Triathlon wetsuits are specifically designed for flexibility and speed. Nono-coating and buoyancy will go a long way to helping you glide through the water and gain an advantage over your competitors. At Simply Swim our collection of wetsuits are also selected from leading triathlon brands who lead the way in innovation, and we have models suited to every body shape, and every triathlete level, so you can find the right fit for your season.
In addition to a triathlon wetsuit investing in a pair of open water goggles can make a difference. They are often made with polarised anti-fog lenses which help you sight when on your swim, and with QuickFIT strap, technology to help give a comfortable fit and speed up the transition to the bike.
One of the more important pieces of kit which can sometimes get forgotten is a Dryrobe. This simple product is perfect for open water swim training and will help keep you warm and dry before the race starts. It is an innovative idea which has proved popular with triathletes and open water swimmers alike.
With your day-to-day life, training schedule and race day nerves kicking in it can be easy to overlook the specific registration details ahead of your race. To avoid this, ready your triathlon details carefully. Highlight the key details and stick them to your fridge, or somewhere particularly prevalent. Making your race details as visible as possible will reduce the chance of experiencing any mishaps on the day. As a top tip, it is also useful to have a water bottle with you when you are queuing up to register on the day. This will help keep you calm and focused.

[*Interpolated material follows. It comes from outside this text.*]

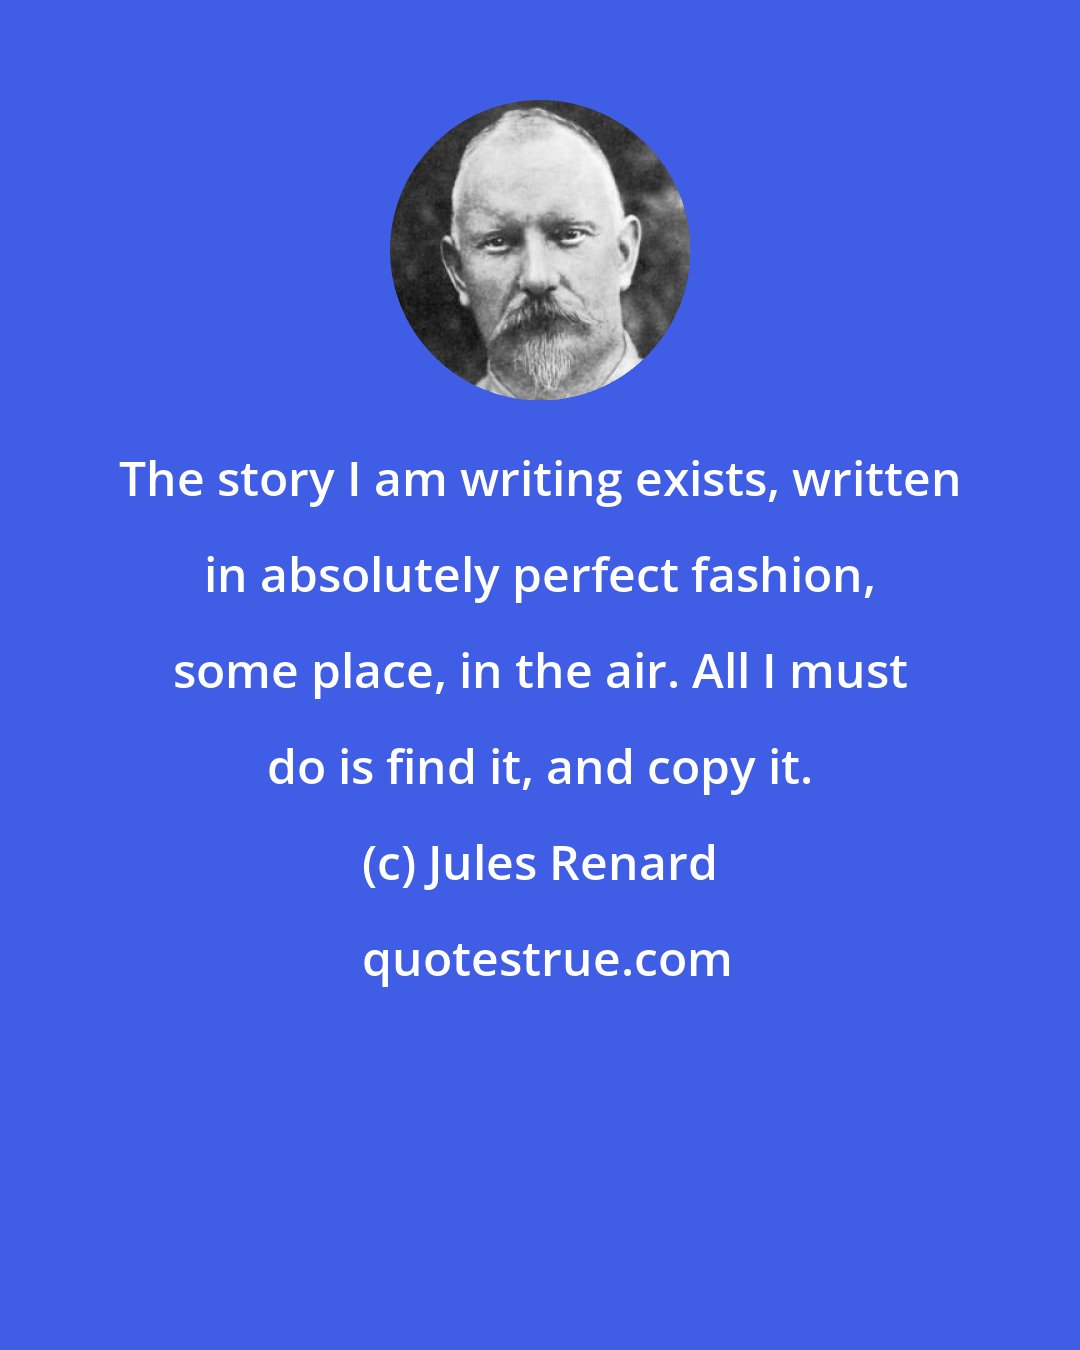 Jules Renard: The story I am writing exists, written in absolutely perfect fashion, some place, in the air. All I must do is find it, and copy it.

Before the race fill up your bike with a couple of your favourite energy bars, as well as water, then set your watch to reminders at 20-minute intervals so you can remember to eat and drink throughout your cycle. This will help help ensure that you have a steady energy intake throughout the race and provide you with the all-important nutrients, so you don't burn out on the last leg.
You should be well prepared for each transition stage ahead of the race but there are some measures you can take to make life easier on the day. A brightly coloured towel will help you to quickly identify your bike, lay your helmet on the bike so it is easier to get on and ensure your shoes are safely laid out for easy access. This can help you save precious minutes and also allow you to get a smooth start to your next leg.
Triathlons are demanding events. The challenge will push you to the limits, however, with thorough preparation for the season ahead you will be ready to give it your all. If you are competing in an Ironman this season, check out our top preparation tips for this extreme event. Above all else enjoy and have fun!